Exercise description:
In the material below, find the line with "Bag End The" and the line with "Golf course Hoodie". Output exactly those two lines and all lines between them, leaving out pictures.

*** Given records ***

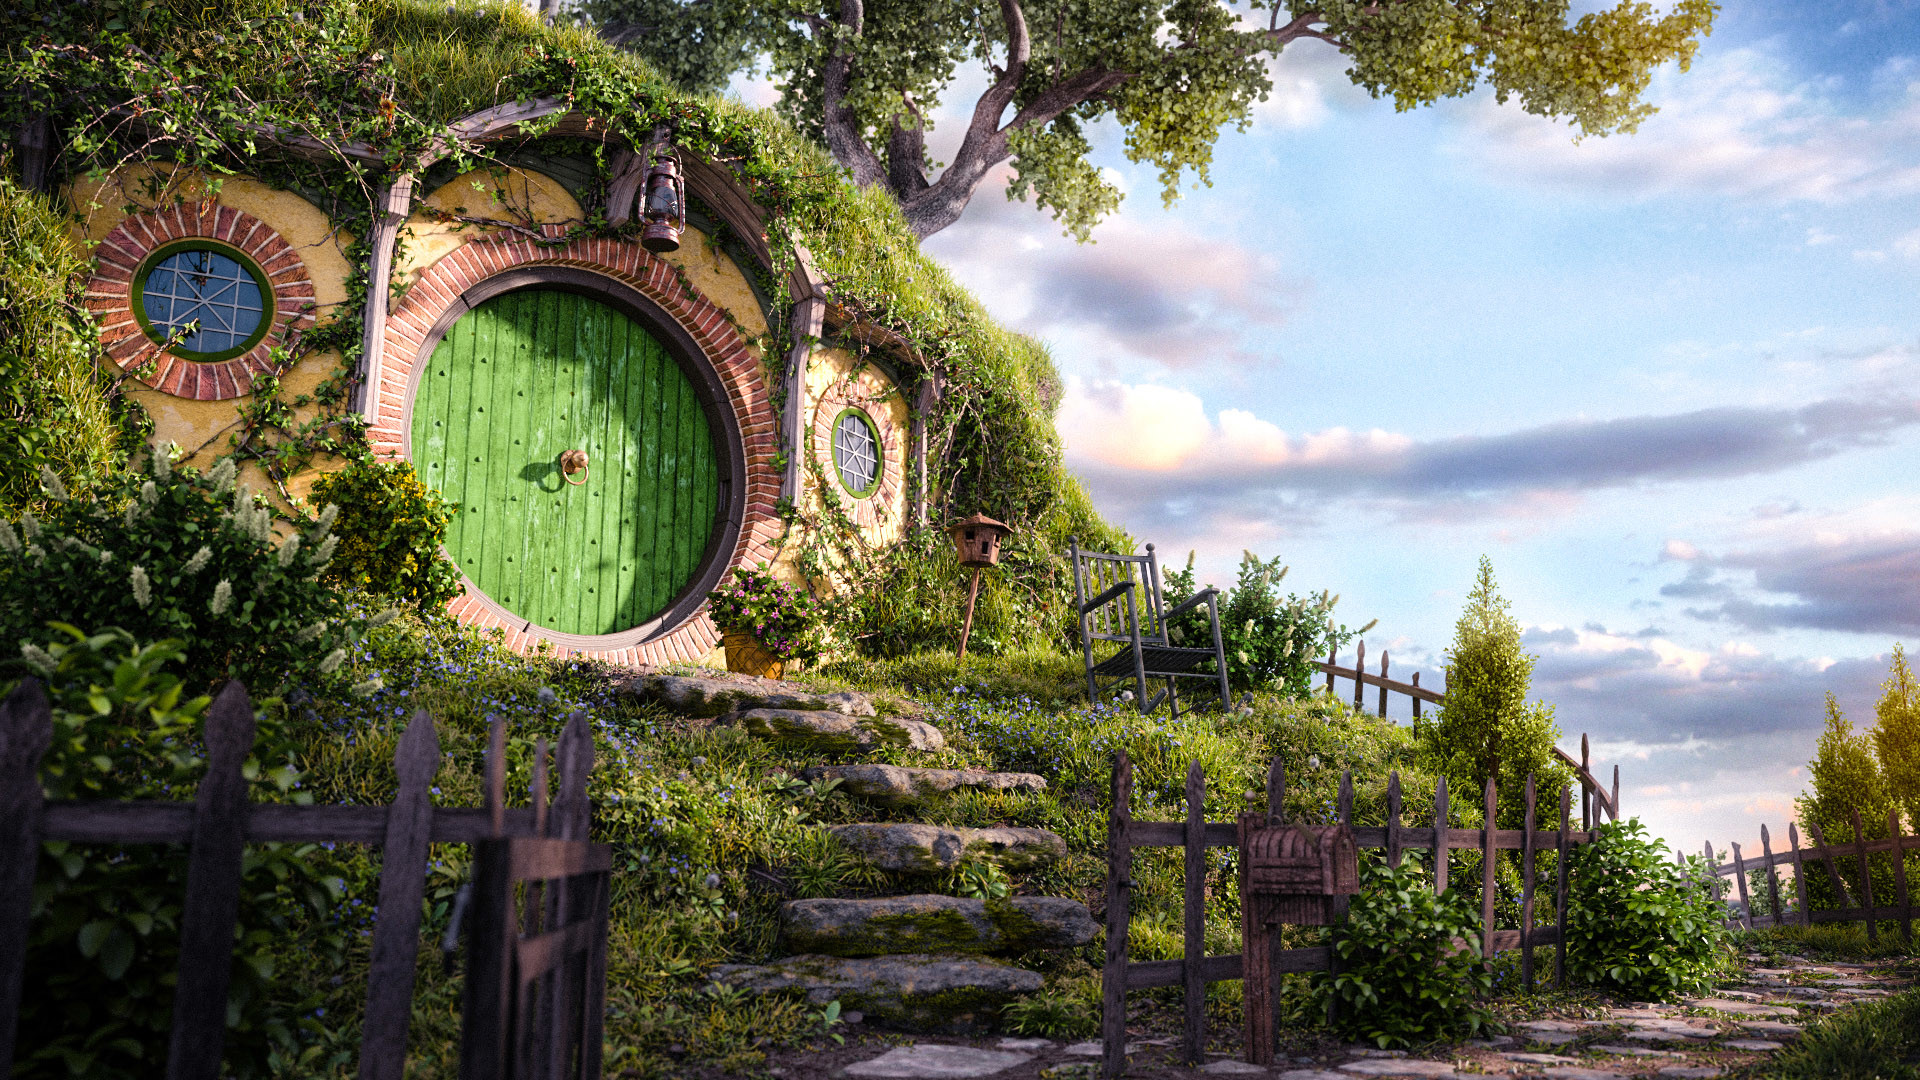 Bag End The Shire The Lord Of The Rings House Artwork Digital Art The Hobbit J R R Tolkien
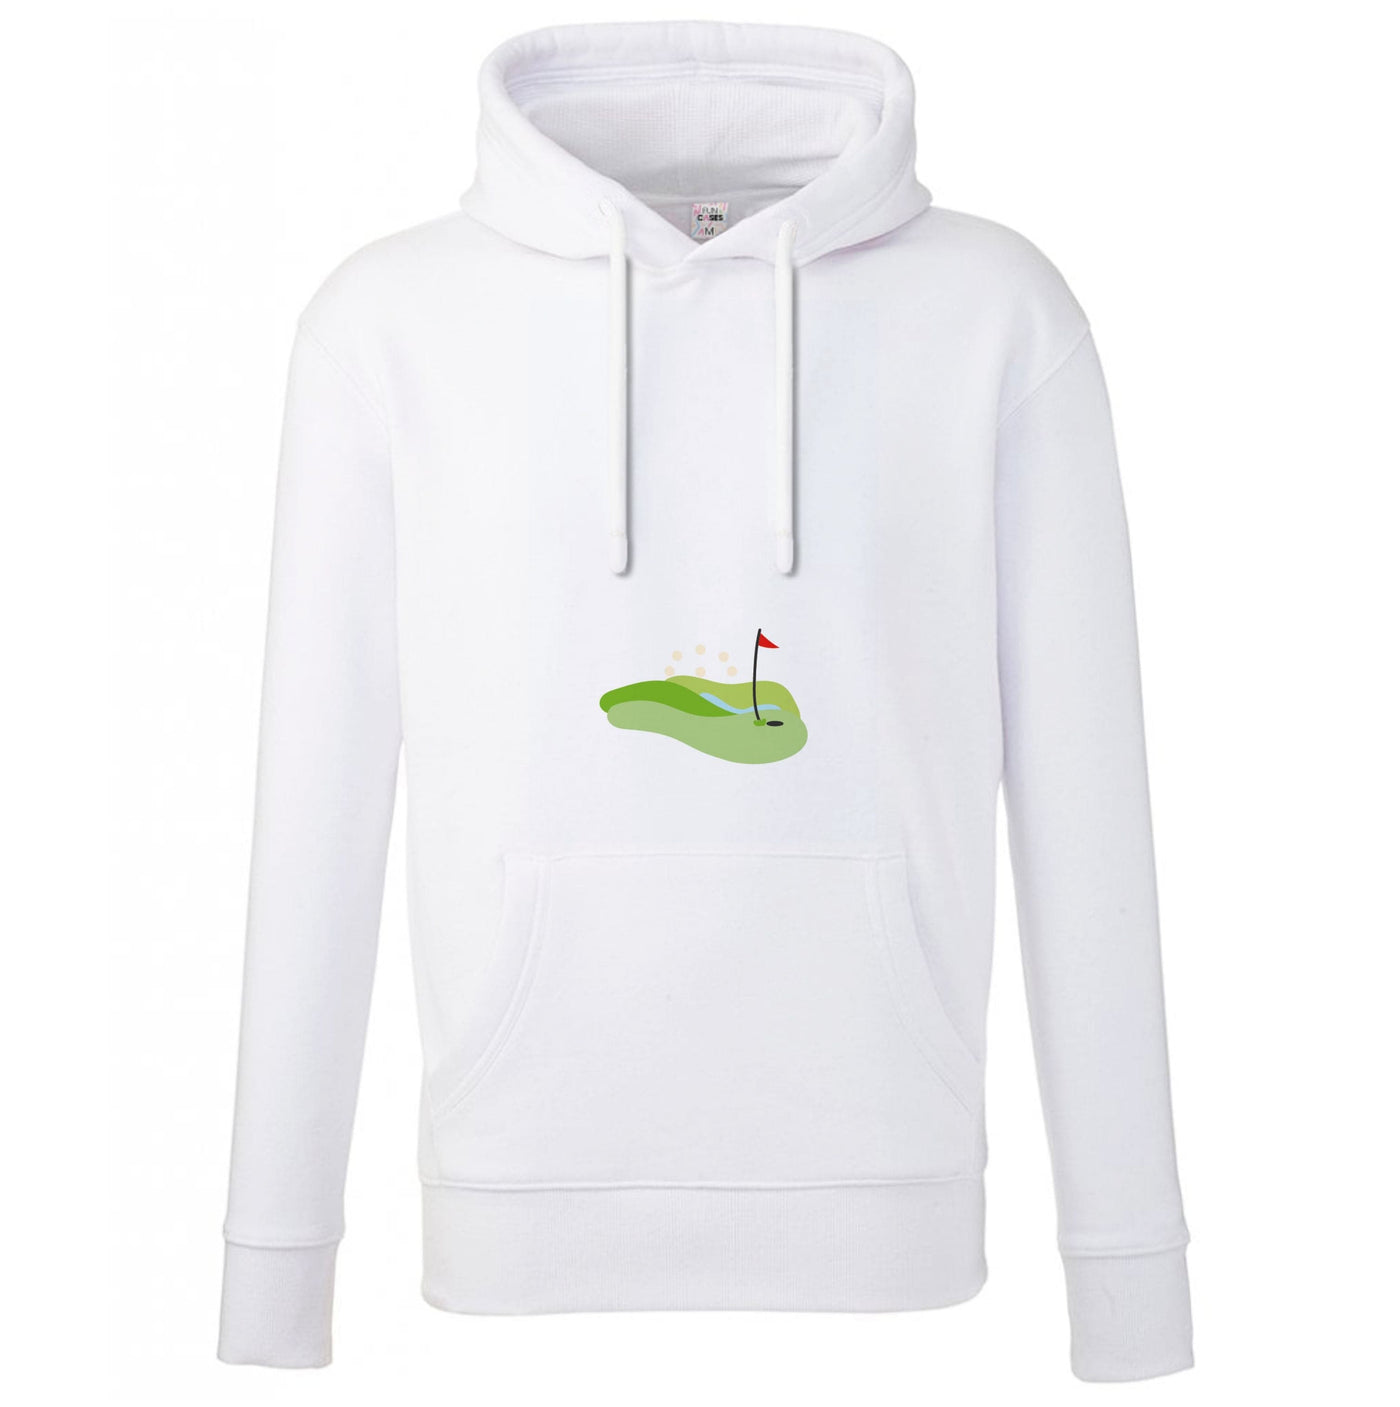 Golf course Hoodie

*** End of Given records ***
*** Given records ***

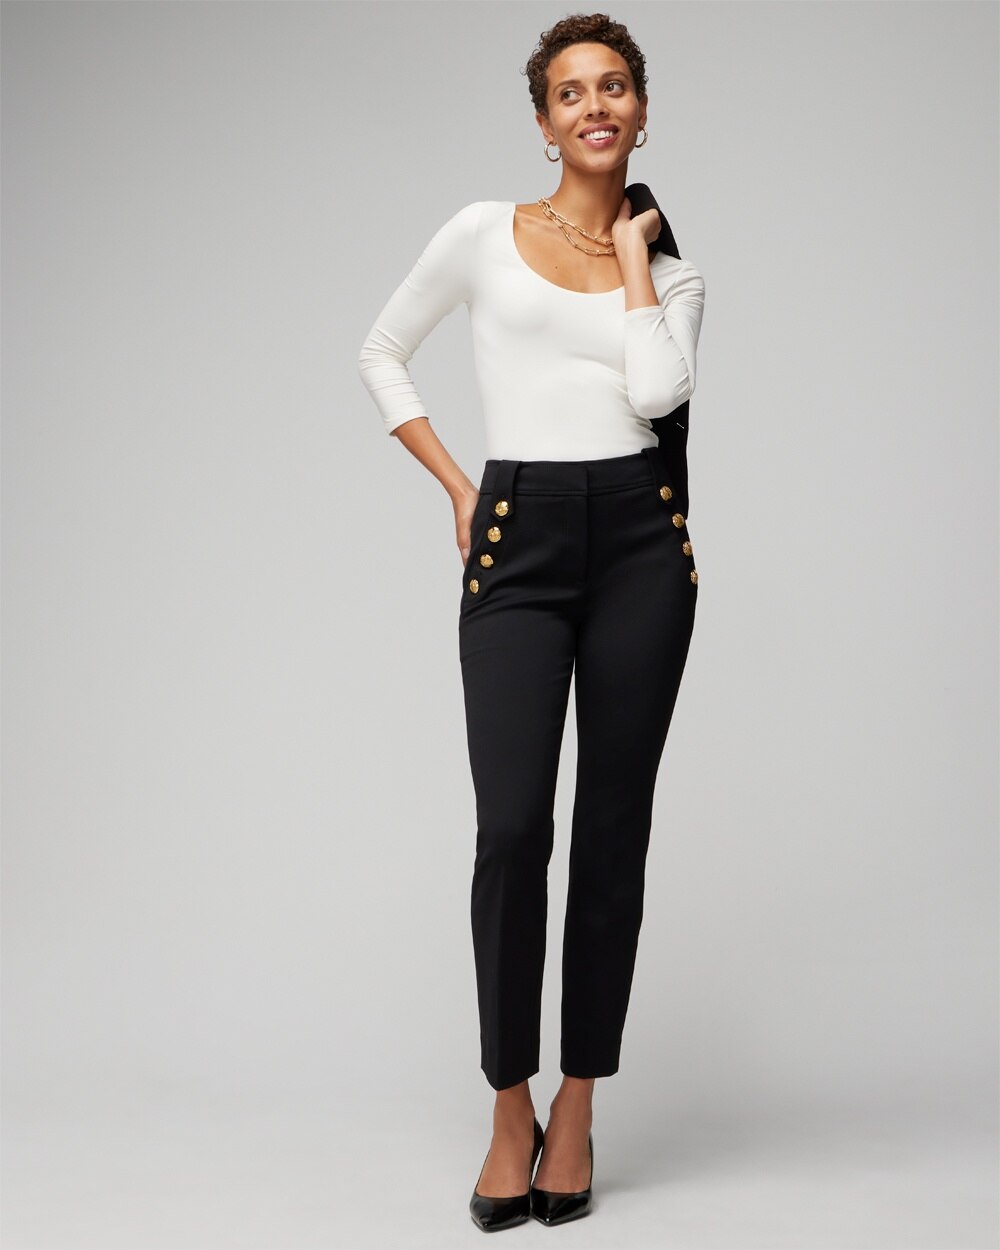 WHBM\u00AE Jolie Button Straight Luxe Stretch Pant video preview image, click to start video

*** End of Given records ***

Output for this exercise:
 Bag End The Shire The Lord Of The Rings House Artwork Digital Art The Hobbit J R R Tolkien
 Golf course Hoodie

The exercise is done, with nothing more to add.